* [Information supplied]
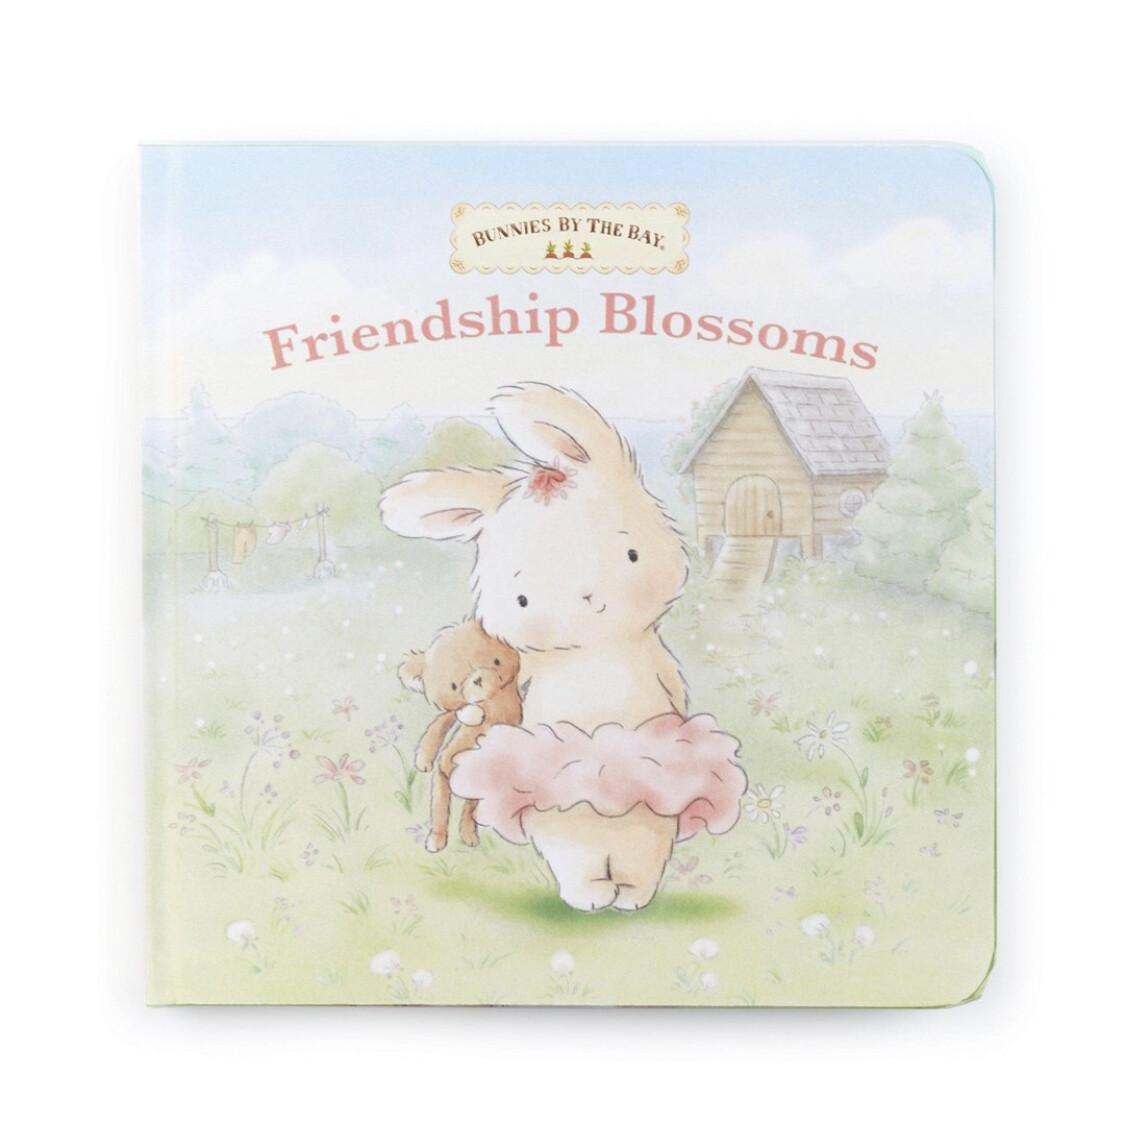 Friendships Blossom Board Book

...

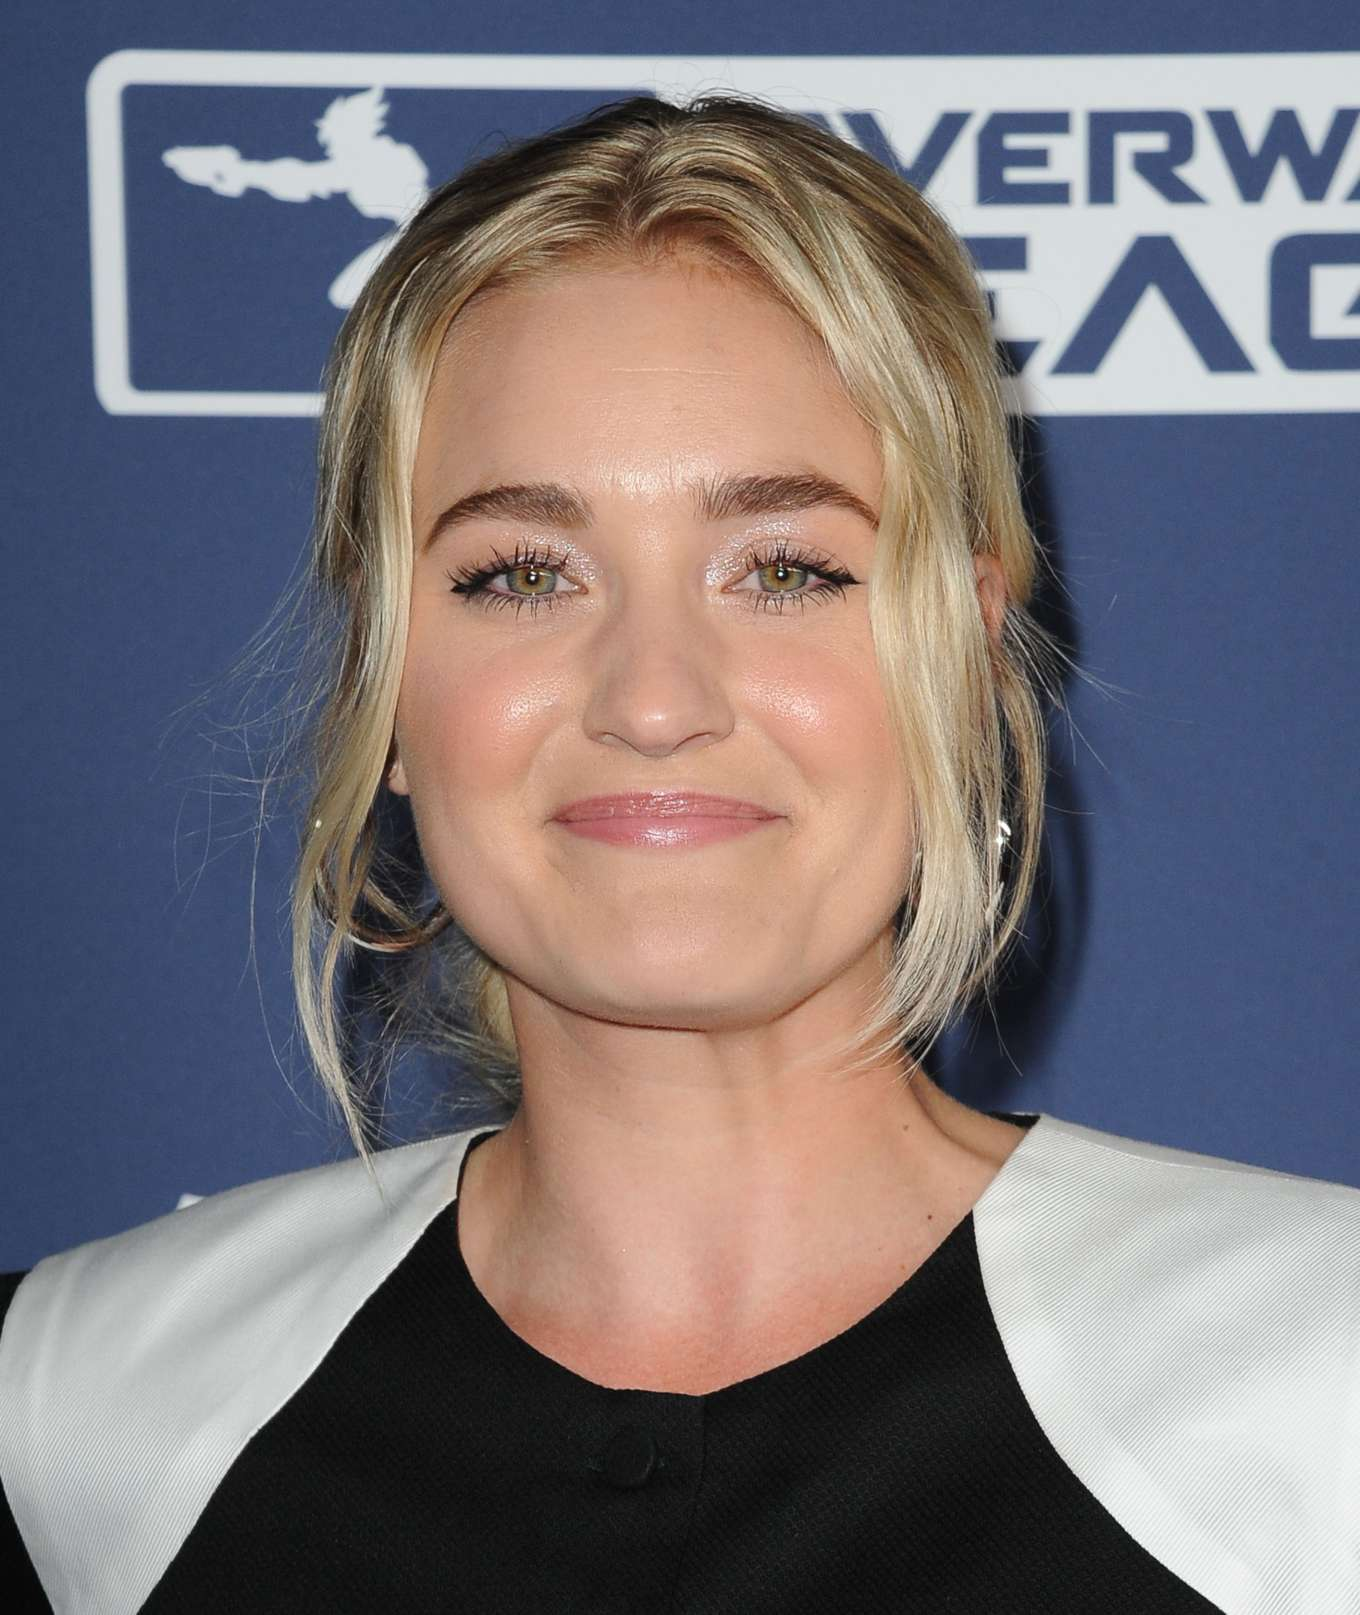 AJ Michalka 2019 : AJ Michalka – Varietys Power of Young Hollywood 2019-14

==

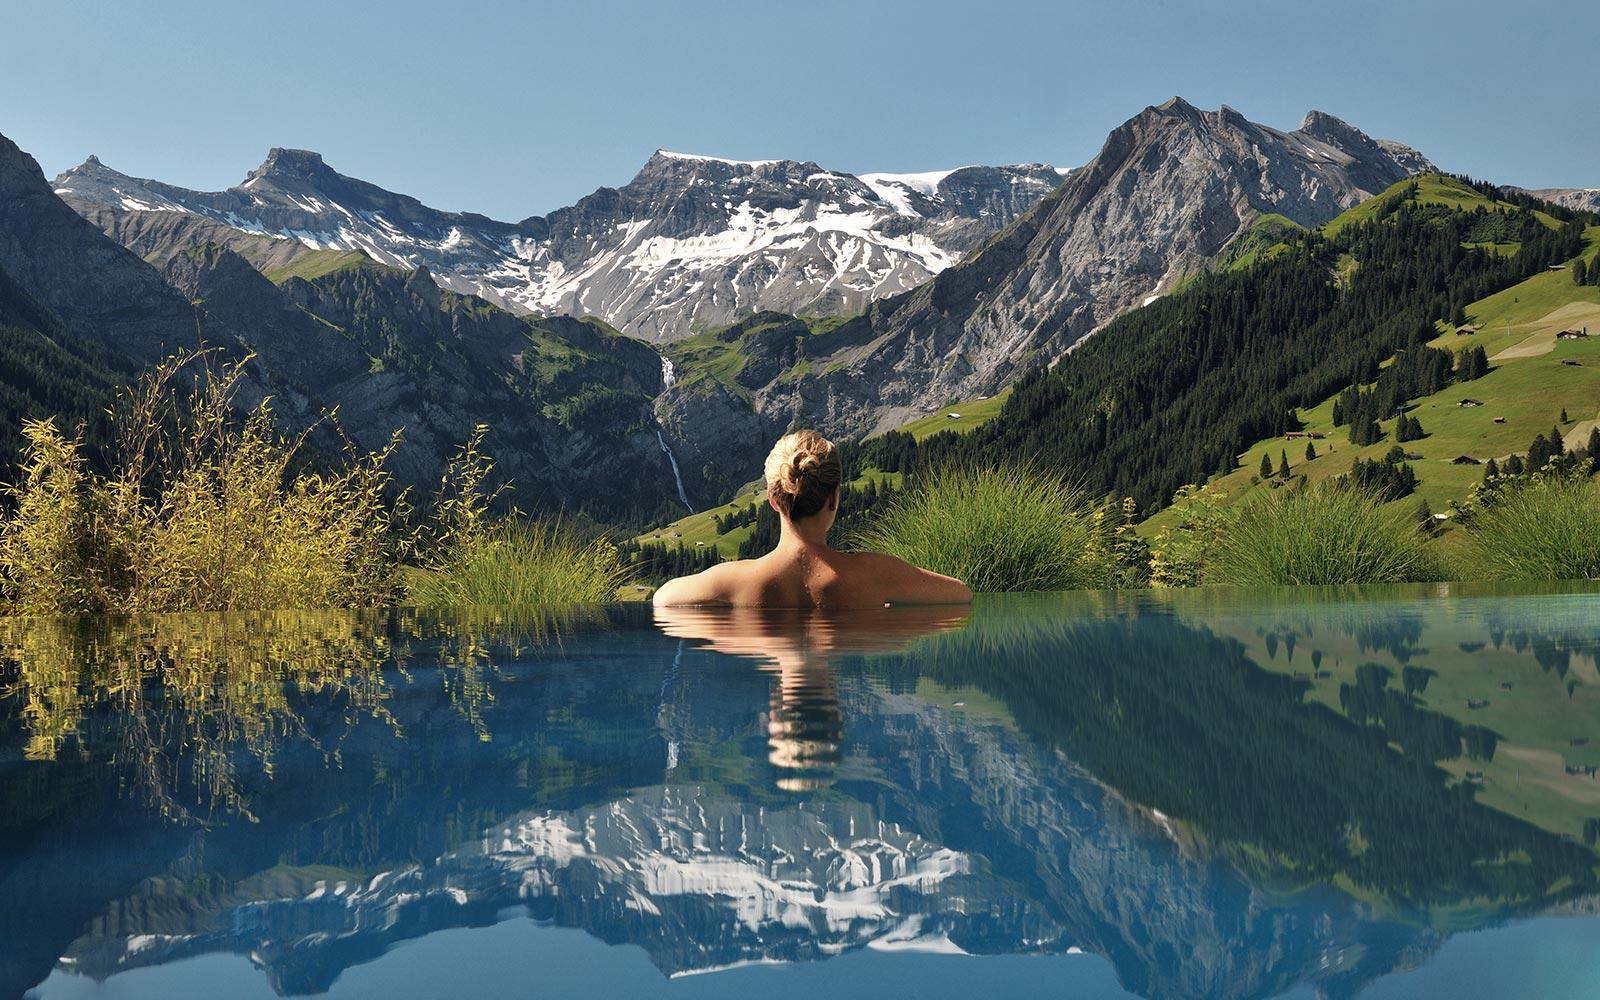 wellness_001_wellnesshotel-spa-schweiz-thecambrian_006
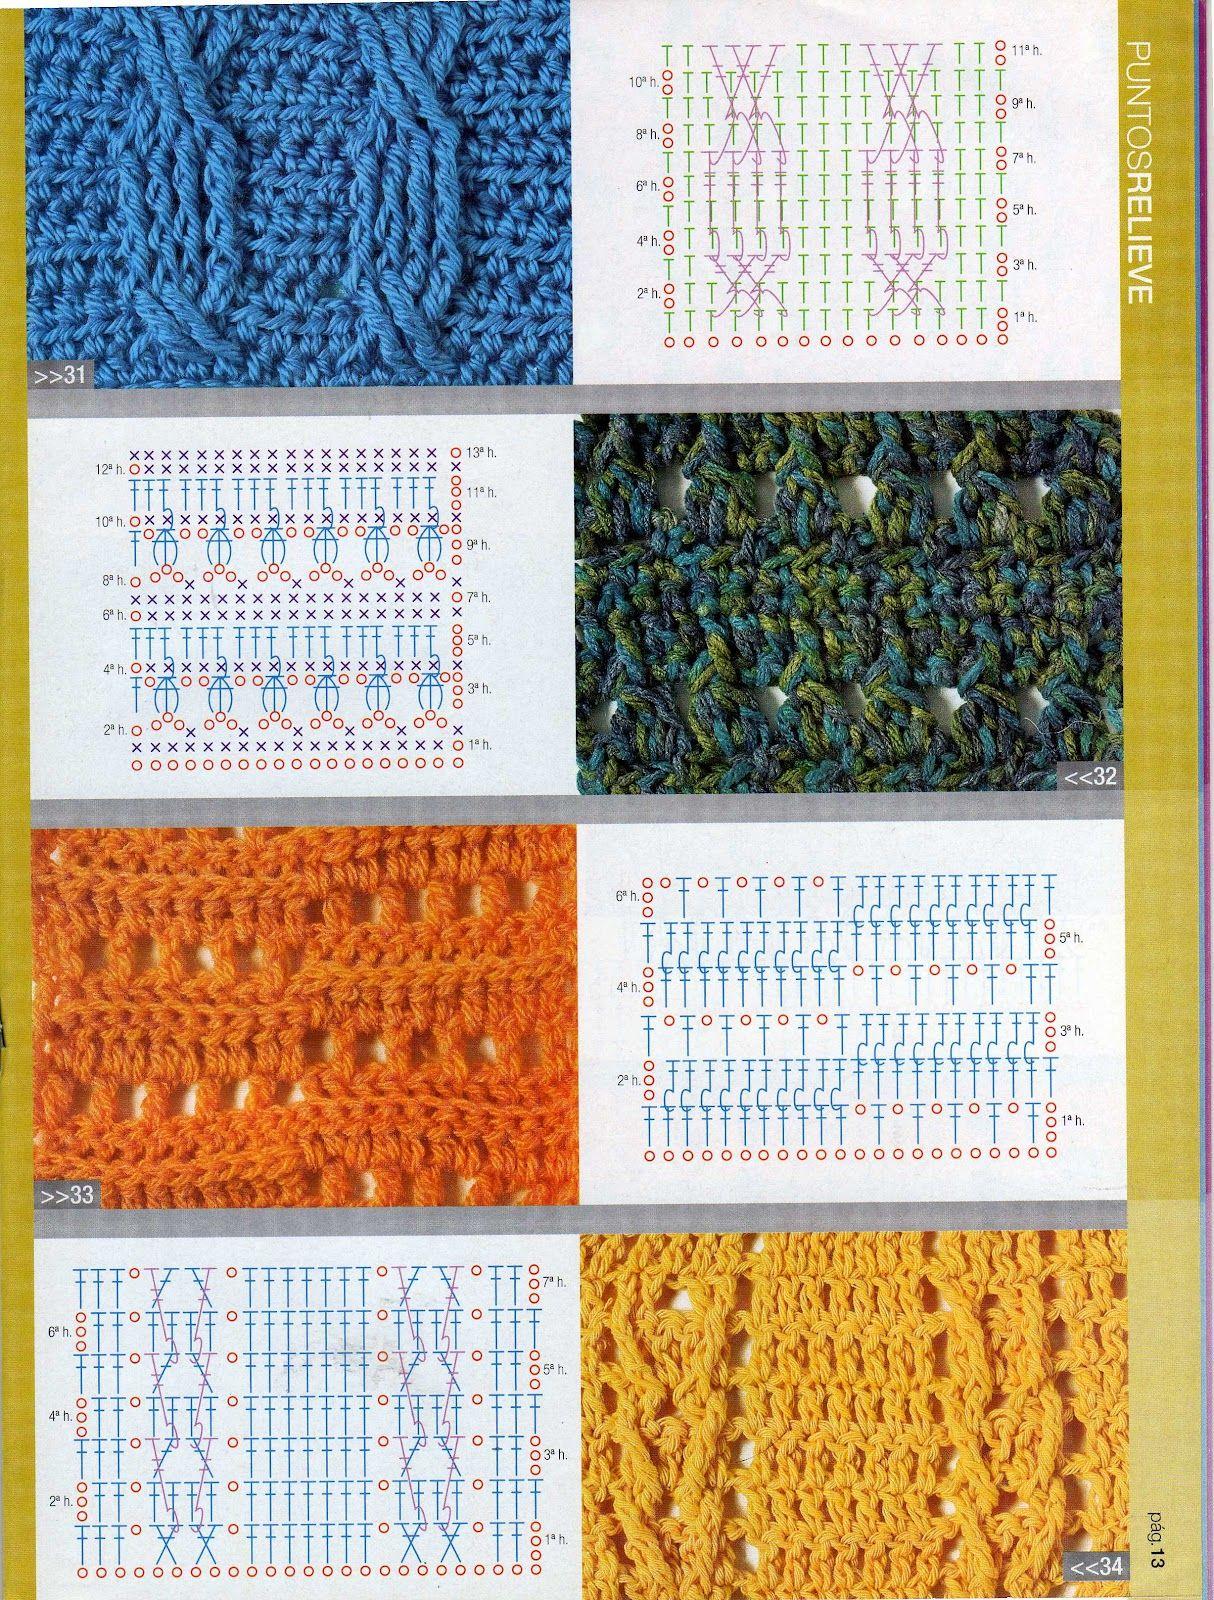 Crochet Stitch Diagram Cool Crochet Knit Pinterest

* [Problem details]
In the listing above, find the line with "wellness_001_wellnesshotel-spa-schweiz-thecambrian_006" and output every line through the one with "Crochet Stitch Diagram", exactly, without the pictures.

* [Task response]
 wellness_001_wellnesshotel-spa-schweiz-thecambrian_006
 Crochet Stitch Diagram Cool Crochet Knit Pinterest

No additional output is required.